Вероника упала лицом в траву и рыдала, а Евочка тянула ее за платье, за волосы и весело, как птичка, звенела своим голоском. Она думала, что тетя шалит… и смеялась.
– Ну, вот… и все! – сказала Вероника, поднимаясь на ноги и отирая мокрым платком слезы. – Теперь пойдем…
– Куда?
– Не знаю… Куда глаза глядят…
Перекрестилась, поцеловала кольцо, спрятала его за корсаж и, взяв на руки Евочку, пошла по тропинке. Вся в черном, с лицом, прекрасным и скорбным, с ребенком на руках, она, одиноко бредущая в лесу, напоминала образ Скорбящей Богоматери…
Посвящаю эту книгу братскому чешскому народу
Настанет некогда время, и взбаламученное море нашей жизни войдет в свои берега. Закроются разверзшиеся бездны, смолкнет грохот и ржанье бешено мчащихся коней с красными и белыми гривами, пронесутся вихри черных туч над пучинами, потухнут огненные мечи раздирающих гневные небеса молний и прокатятся в вечность раскаты громов… И небесная синь снова сверкнет своими улыбками людям, а успокоившееся зеркало прозрачных глубин снова отразит Лик Божий…

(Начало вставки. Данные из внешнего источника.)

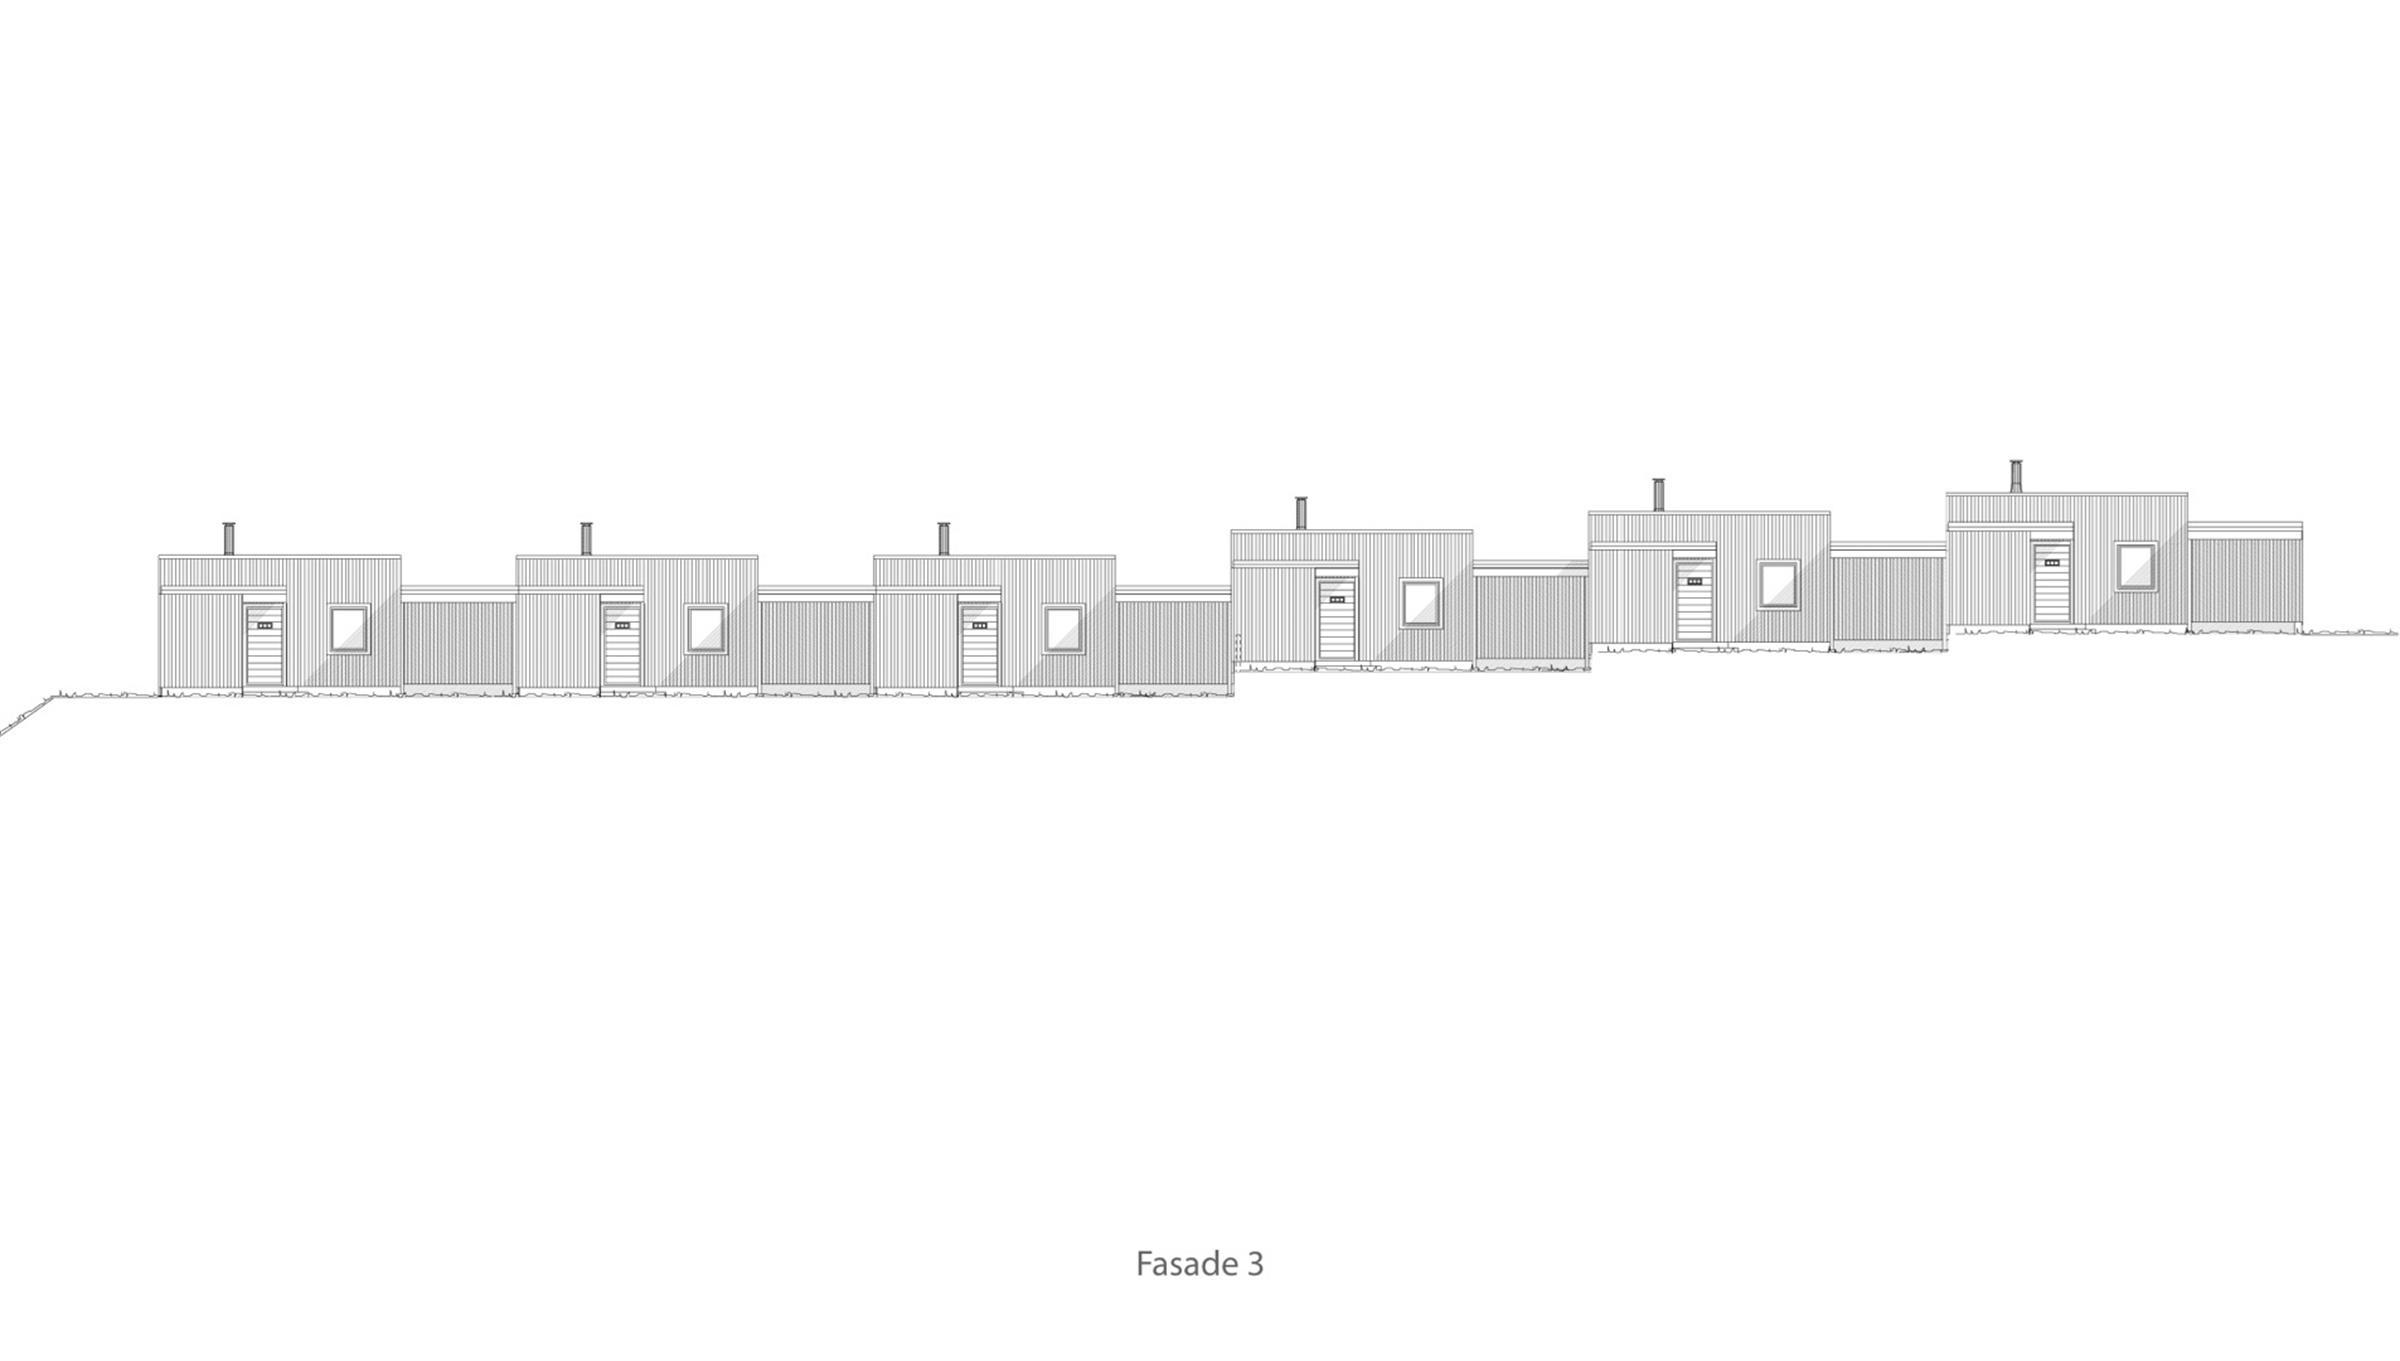 Finnsnes fasade 3

Не скоро, но будет. Непременно будет!..
Пройдет сто лет – не останется на земле ни одного из нас, живущих в грозе и буре. Все пережитое нами, воплощенное в радостном творчестве под пером художников слова и под кистью художников красок, будет с непреоборимую силою притягивать к себе умы и души грядущих поколений, и они в «Великой русской революции» увидят только величественную и захватывающую поэму человечества, рождающую в них сожаление, что все это давно уже миновало, и зависть к нам – к тем, «кто посетил сей мир в его минуты роковые». Даже наши муки, наши страдания, если еще и будут заметны за пеленою многих годов, покажутся потомкам нашим страницами прекрасной трагедии, возвышающей душу человеческую. И не один читатель пока еще ненаписанных книг о днях нашей жизни, посиживая в теплом и светлом кабинете в долгий зимний вечер, оторвавшись от чтения, застынет в раздумье, с устремленными в туман прошлого взорами, и, вздохнув, мысленно скажет: «Ах, зачем я не жил в прошлые века!»

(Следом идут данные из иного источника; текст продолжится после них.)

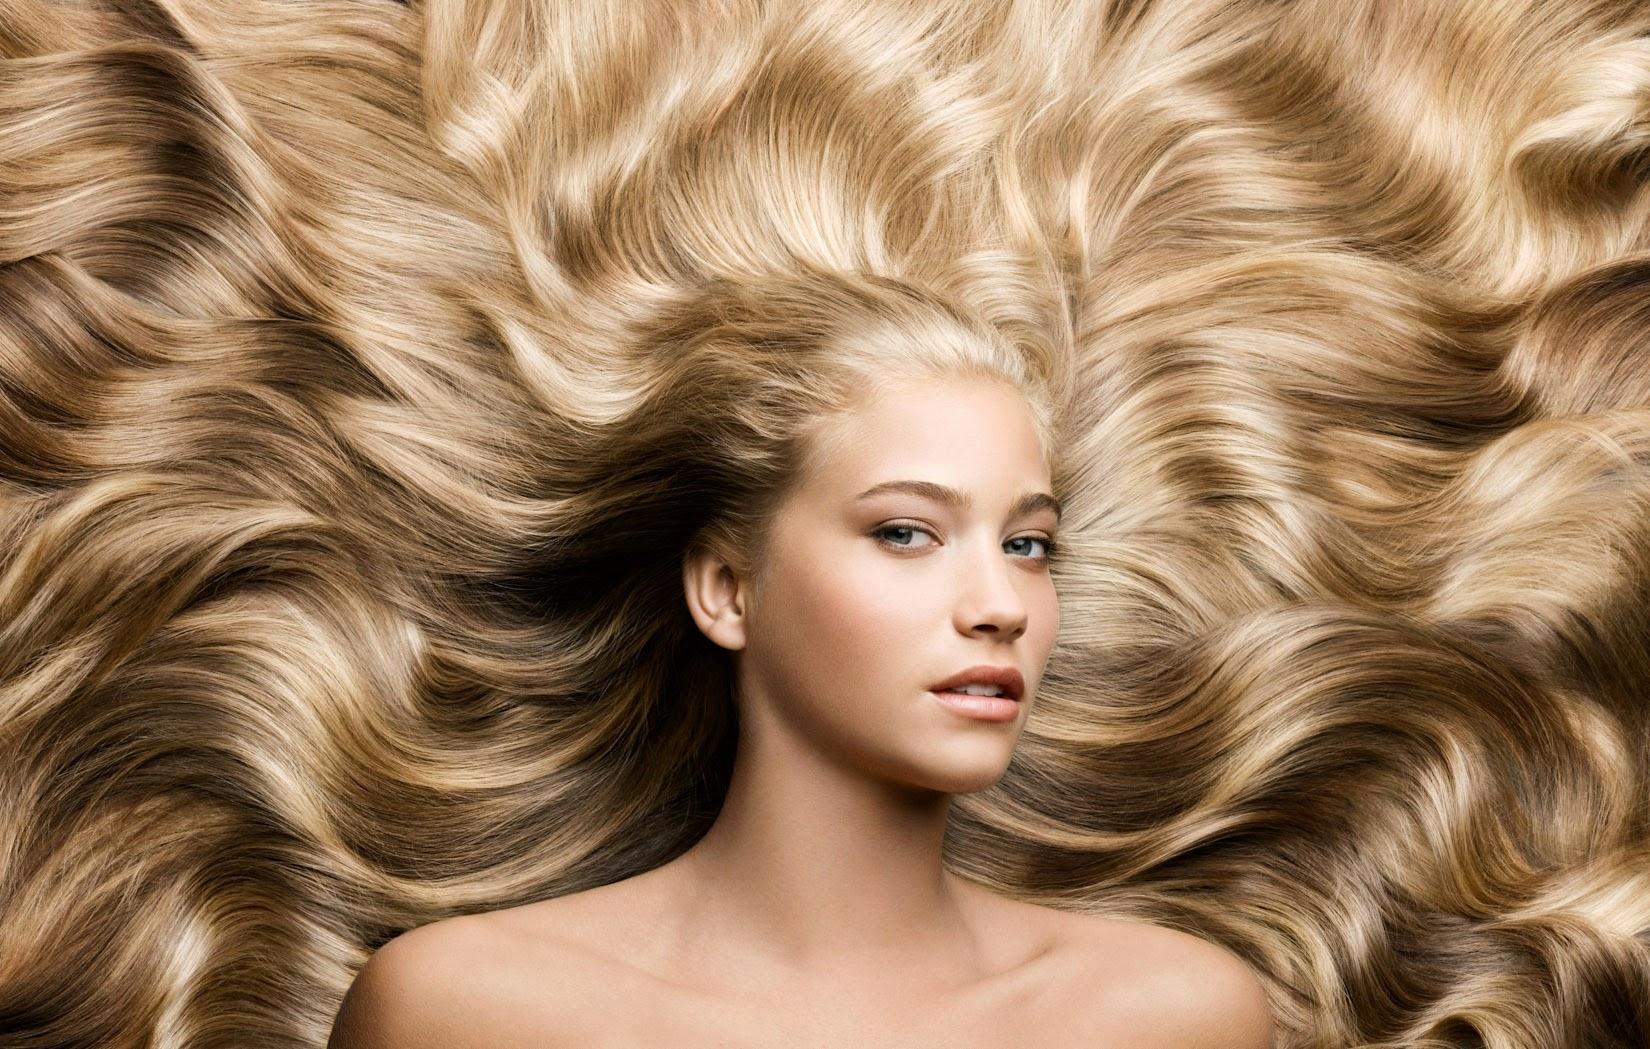 sea_of_golden_hair_girl_care_ ...

Но будущее строится на костях настоящего, и цемент на постройке – кровь людей. Дорога в будущее идет в горных теснинах, крутая и узкая, и продвигающиеся по ней – кто сам падает, кто других сбрасывает в пропасть под ногами. Только из будущего в прошлое можно смотреть с высоты орлиного полета, спокойно озирая прошлые судьбы человеческие. Только прошлое можно судить. Настоящее же охватывает нас со всех сторон, мы – не над ним, а в нем, и мы – не судьи, а лишь свидетели о нем. Свидетели живых мук и страданий, в которых ломается настоящее, насыщенное такими ужасами и преступлениями, от которых у нас порою проходит самое желание жить…

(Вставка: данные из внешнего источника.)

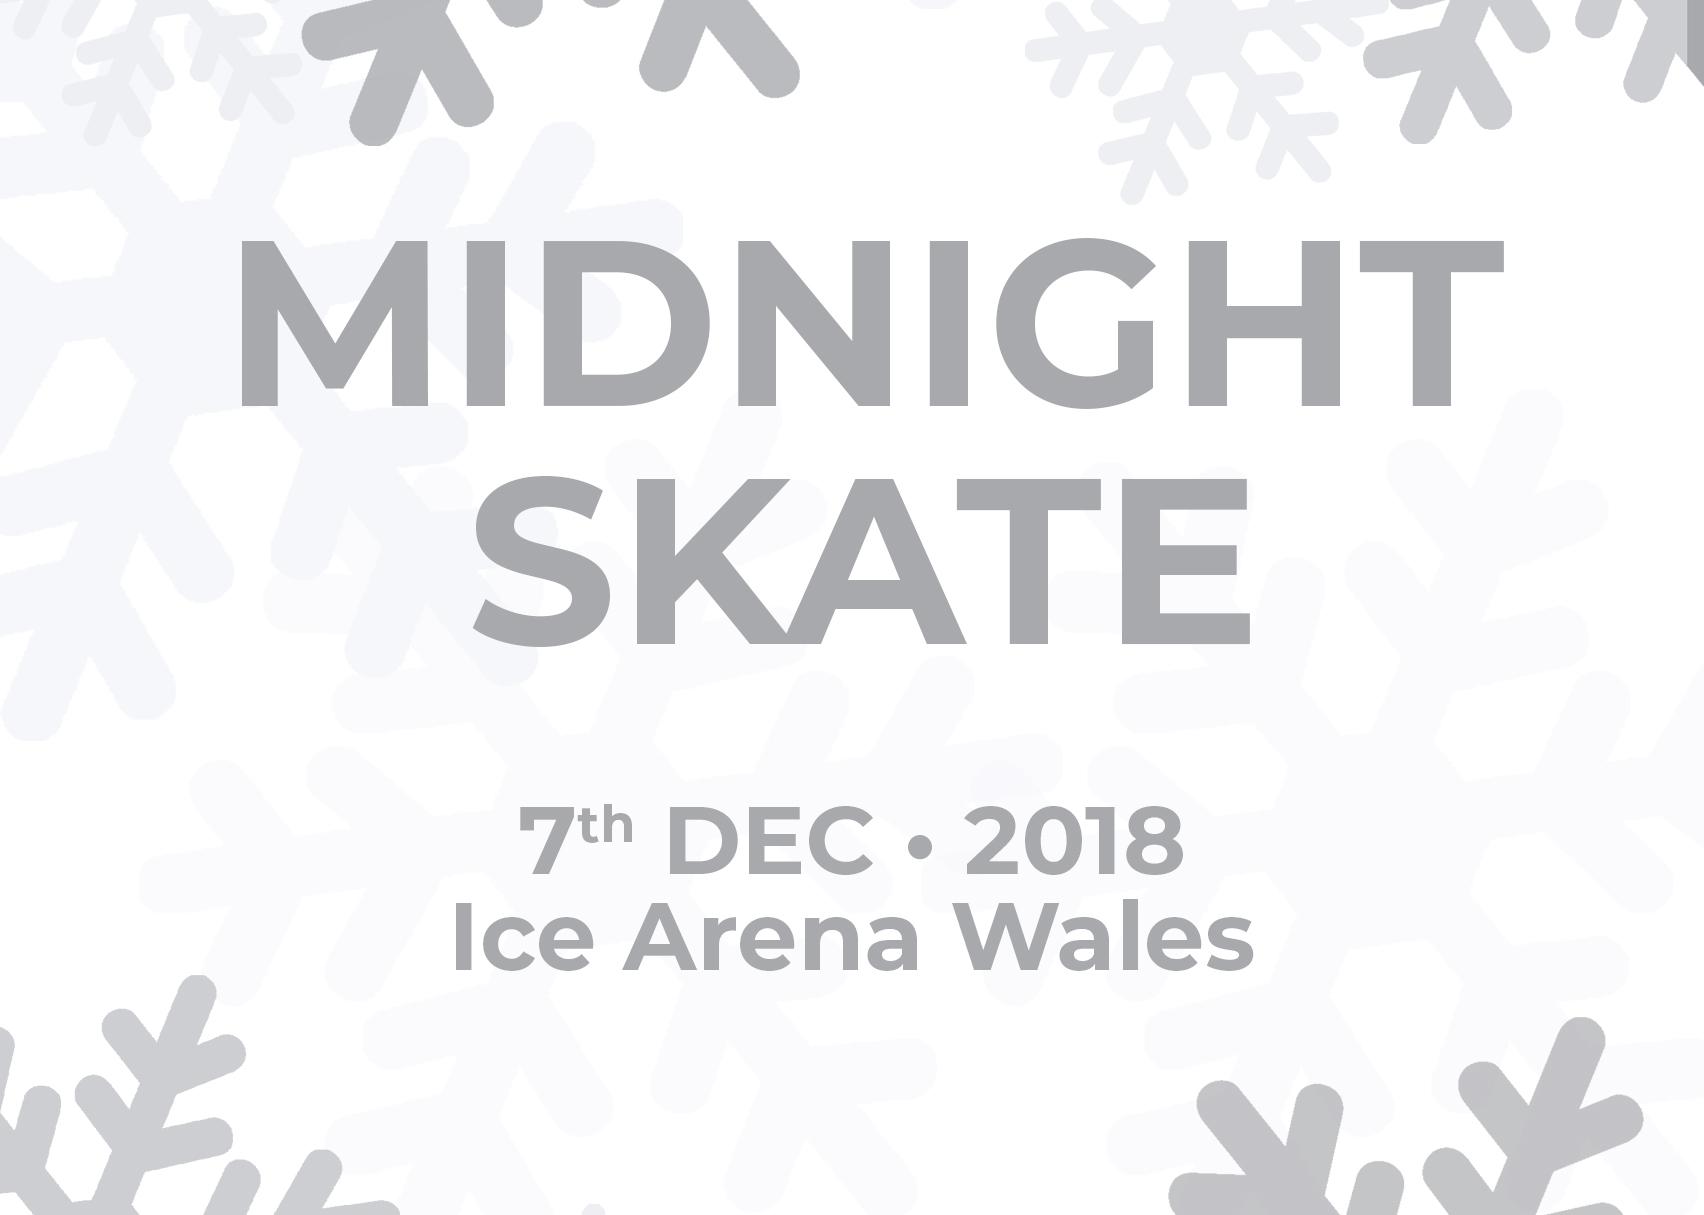 Midnight Skate 2018

Занося в свою художественную летопись правдивую историю о том, как люди жили, ненавидели и любили в наши страшные годы, я не выхожу из рамок свидетеля о настоящем. Все, что здесь описано, я либо видел, либо пережил. Роман мой – сама жизнь. В нем мало выдумки и сочинительства. Жизнь превзошла искусство и оставила далеко позади нашу авторскую изобретательность. Ни придумывать, ни сочинять нам, современным авторам, уже нечего: жизнь сама стала величайшим автором, преступившим все установленные нами законы и формы литературного творчества. Естественно поэтому, что и роман мой носит отпечаток того хаоса обломков, вещественных и невещественных, среди которого мы живем и действуем…
Итак, читатель, знай и помни, что роман мой —
сама жизнь, а я, автор настоящего произведения,—
не судия, а свидетель, и не историк, а только живой
человек, испивший из чаши мук и страданий русского народа,—
Евгений Чириков.Прага – Вшеноры.Май – Август 1922 г.